Researchers have considered introducing more types of signal features to improve the accuracy of the LRA. Ref. [
16] proposed a load recognition model with a feature combination of a transient waveform and power change value during load switching. Kang et al. [
17] employed a fast Fourier transform to extract the amplitude and phase of the odd harmonics of the current and then used them as key features for recognition. To improve the recognition accuracies of loads, Ref. [
18] constructed a hybrid feature set using the parameters of active power, reactive power, and harmonic amplitude.
In the past decade, deep learning has demonstrated its strengths in AI-driven tasks, such as computer vision, natural language processing, human–computer interaction, and IoT. These successes have also inspired researchers to introduce deep neural networks to the LRA. Ref. [
19] designed a sequence-to-sequence Long Short-Term Memory (LSTM) network for load recognition. The authors of [
20] designed a capsule network-based LRA, in which a convolutional neural network (CNN) extracted latent features from a set of non-overlapping energy measurement data segments. Ref. [
21] proposed a dual-stream neural network to extract features from current signals. Ref. [
22] proposed to extract features with Siamese neural networks and then used them in load recognition. These works have revealed the strong feature extraction abilities of neural networks with promising performances in load recognition.
To further improve the LRA accuracy, researchers have also attempted to visualize the features of voltage or current and employed image-alike processing techniques in load recognition. Due to the advantage of the recent boom of computer vision technologies, more accurate and robust LRA methods have been developed. Ref. [
23] presented an image classification-based LRA, where the image is obtained with voltage–current (V-I) trajectory. Ref. [
24] provided a CNN-based LRA with weighted pixel V-I trajectory maps as features. Liu et al. employed a color-coded V-I trajectory map as the input of their AlexNet-based load recognition model [
25]. In [
26], the V-I trajectory and amplitudes of current and voltage were mapped as a color image, which provided richer feature information for CNN-based load recognition.
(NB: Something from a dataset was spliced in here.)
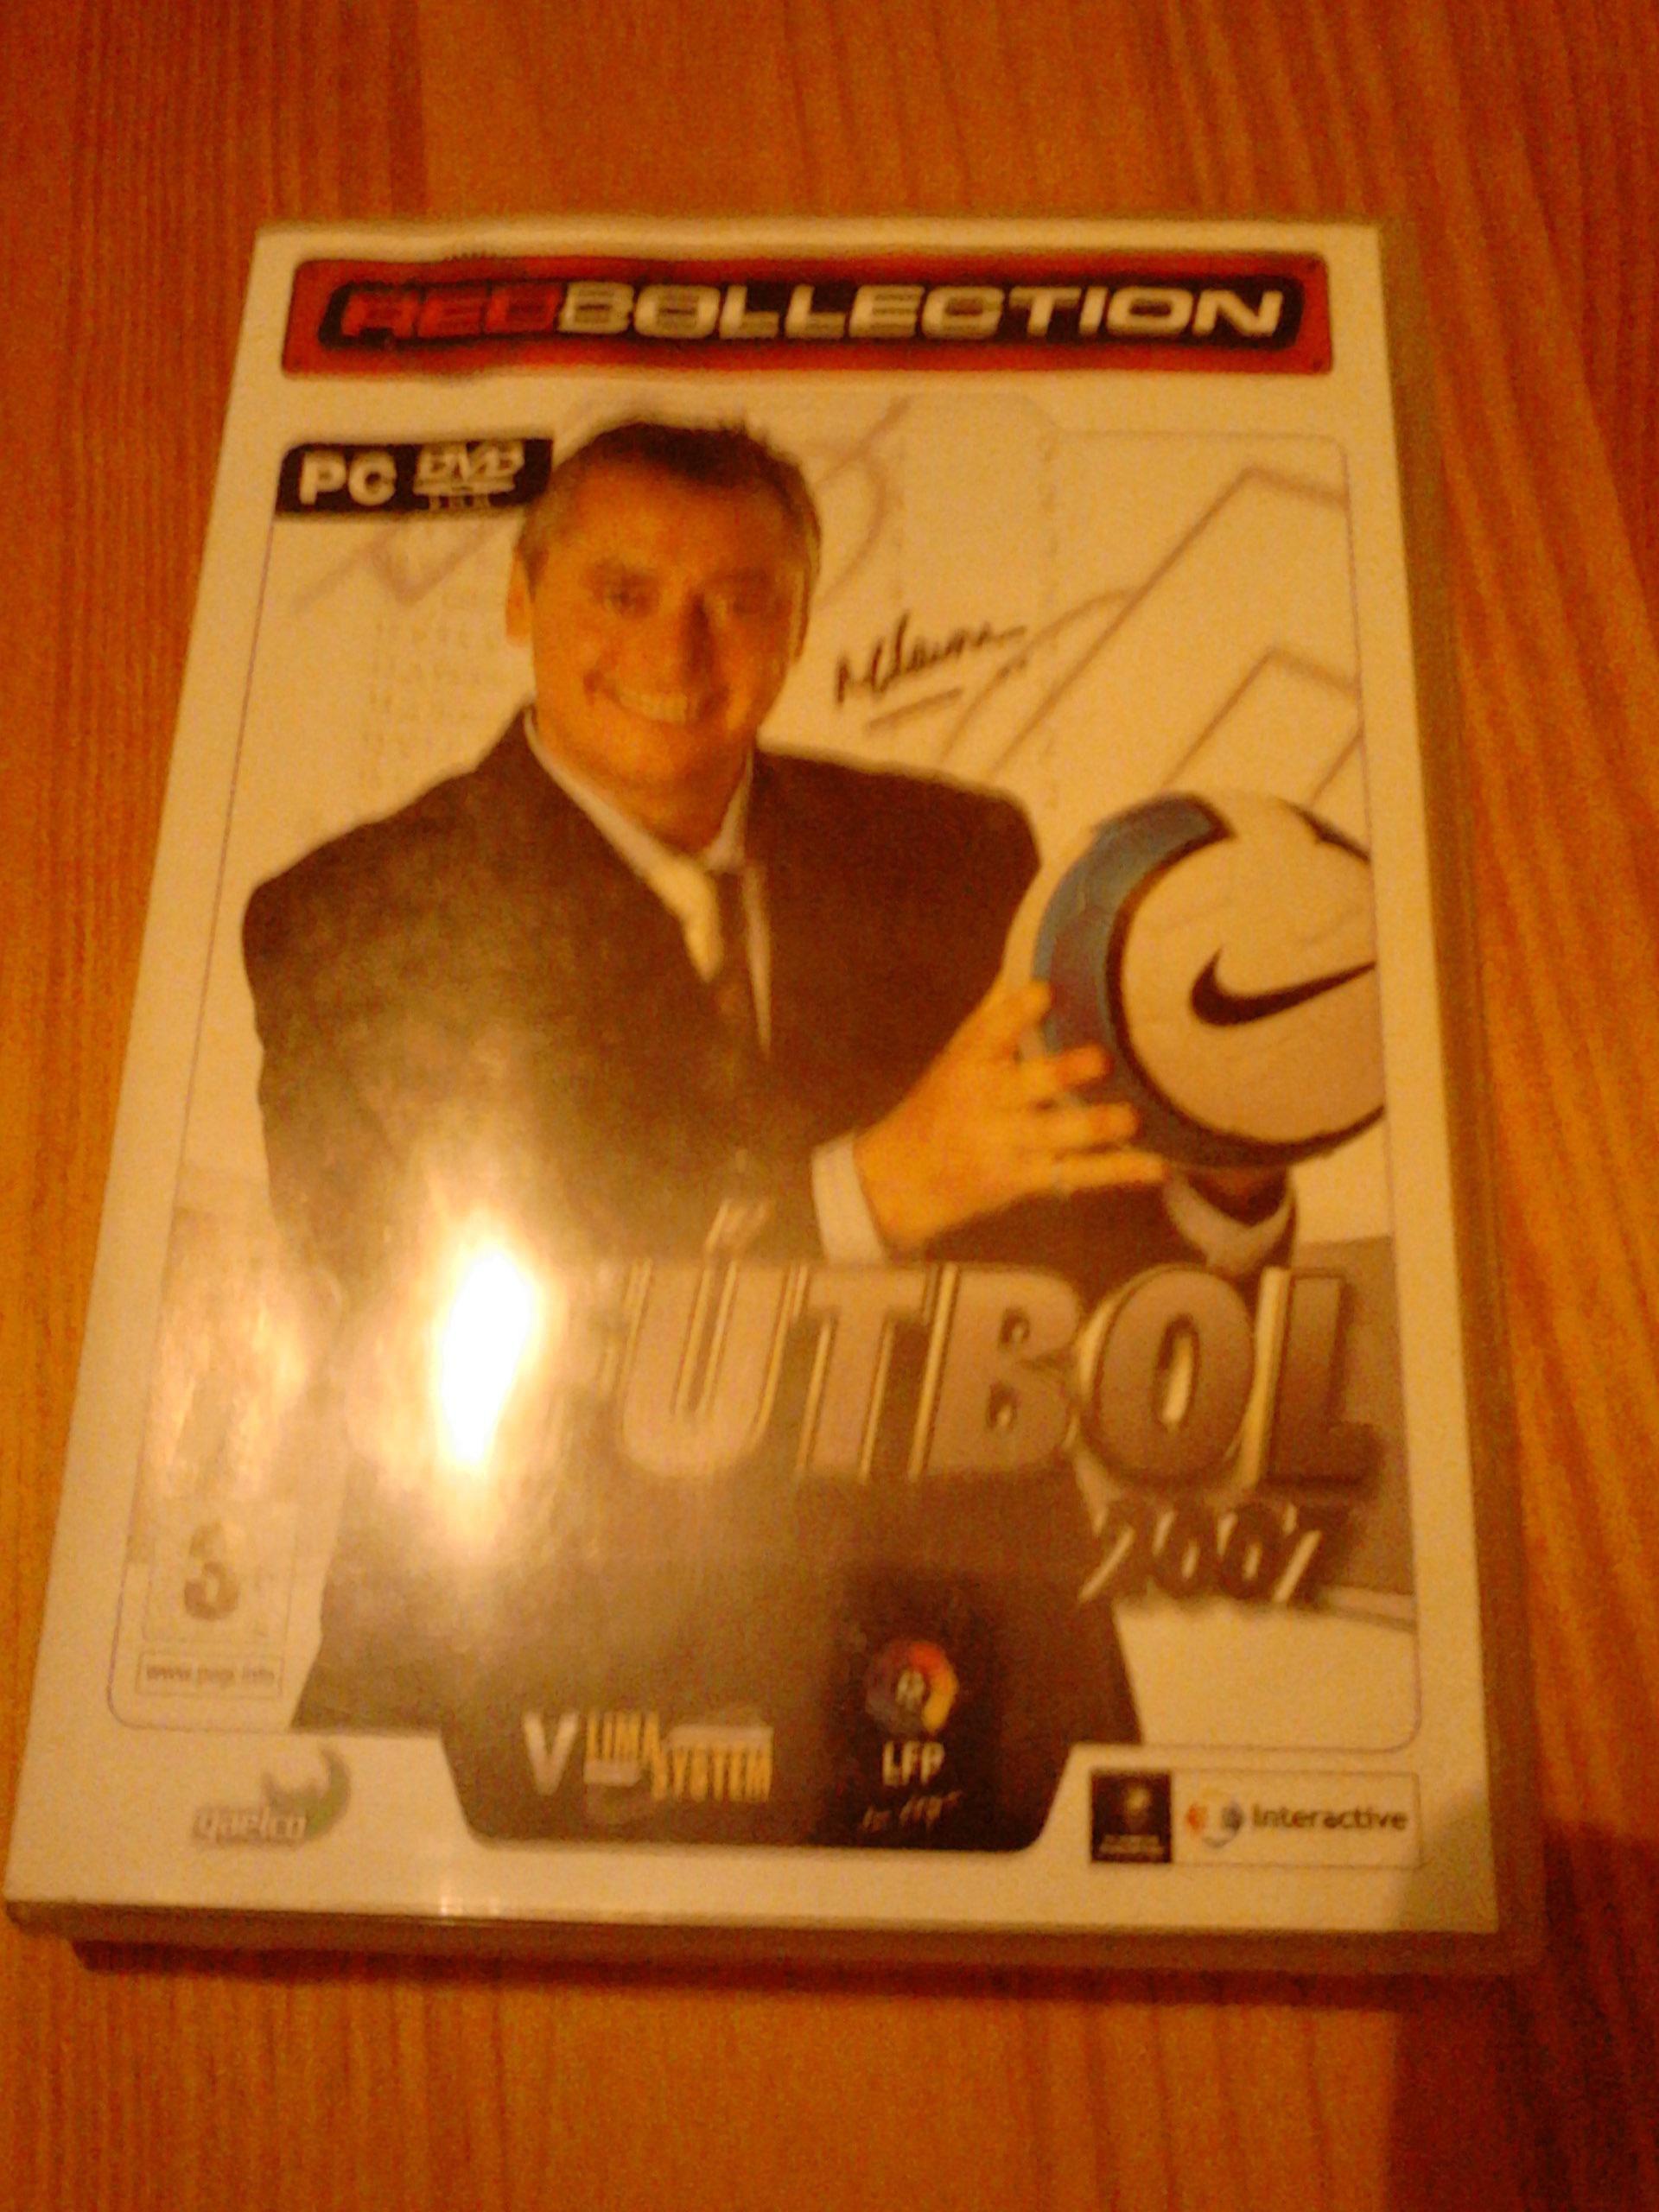 PC Futbol 2007. Requisitos. Sistema operativo   windows 2000 xp. Procesador   Pentium iii 1 9a4e4d272fd63

Wenninger et al. [
27] mapped a cycle of V-I trajectories as threshold-free recursive graphs and subsequently designed a Spatial Pyramid Pooling (SPP) convolutional neural network for load recognition.
Despite these great efforts, there still exists a need to further improve the accuracy of the LRA. Generally, load recognition may lead to inaccurate results when using inappropriate feature extraction methods and neural networks or false recognizing loads under masking effect—features of low power load are usually hard to recognize under high power loads. To address these issues, an NILM method based on a more effective current feature visualization and a more reliable deep load recognition network (DLRN) is introduced in this study, as shown in 
Figure 2. The NILM method enables precise load recognition in smart homes, facilitating more effective energy management.
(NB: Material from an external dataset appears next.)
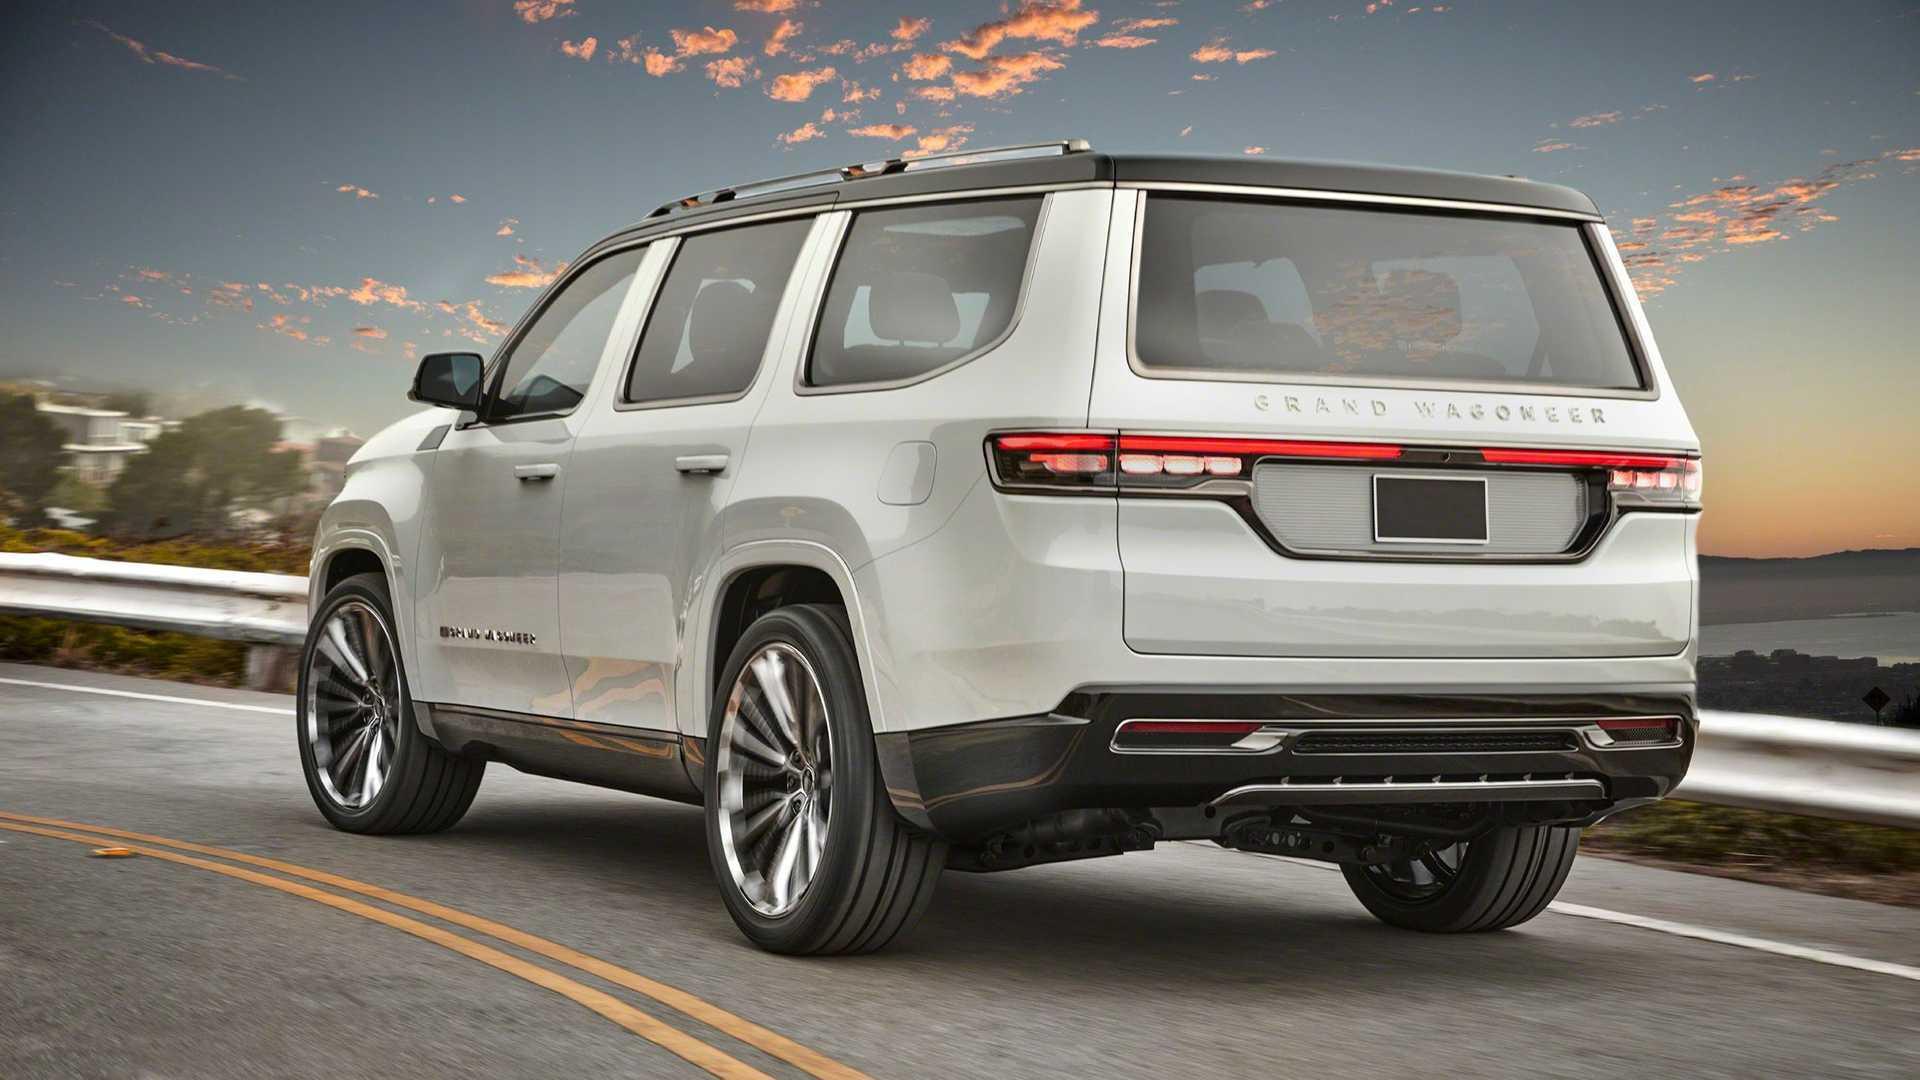 jeep-grand-wagoneer-concept-exterior-02-rear-quarter

In summary, the main contributions are summarized as follows:
- A method for the visualization of current features based on signal transformation and a Gramian Angular Field (GAF) is proposed. By this operation, the features difference between loads are highlighted to facilitate vision-based recognition. 
- This study presents a DLRN based on multi-scale feature extraction and an attention mechanism. This design aims to further enhance the recognition accuracy and generalization abilities of the NILM method, especially at low-power conditions. 
- The approach in this study demonstrates its high efficiency in both public and private datasets. To examine the generalization ability of the proposed approach, this study introduced a new dataset with 12 types of electric loads with powers from 24 W to 1800 W. The experimental results from using this dataset, as well as the public PLAID dataset, validate the design. 
The rest of this paper is organized as follows. 
Section 2 presents a detailed discussion of the proposed learning-based NILM algorithm. Comprehensive experiments and analyses are presented in 
Section 3. Finally, 
Section 4 concludes this paper.
  2. Proposed Method
  2.1. Motivation and Framework
It is clear that the choice of input signal has a significant impact on the performance of the load recognition. Most traditional approaches [
26,
28,
29] directly input signals such as voltage, current, and a V-I trajectory diagram into a feature extraction network and carry out the subsequent load recognition accordingly. However, studies [
30,
31,
32] have shown that there is a large amount of noise with a great negative impact on current and voltage signals. This will lead to a decrease in the accuracy of subsequent recognition algorithm, which also leaves room for performance improvement. In other words, preprocessing the signal before inputting it into the recognition network is expected to improve the performance of the recognition algorithm.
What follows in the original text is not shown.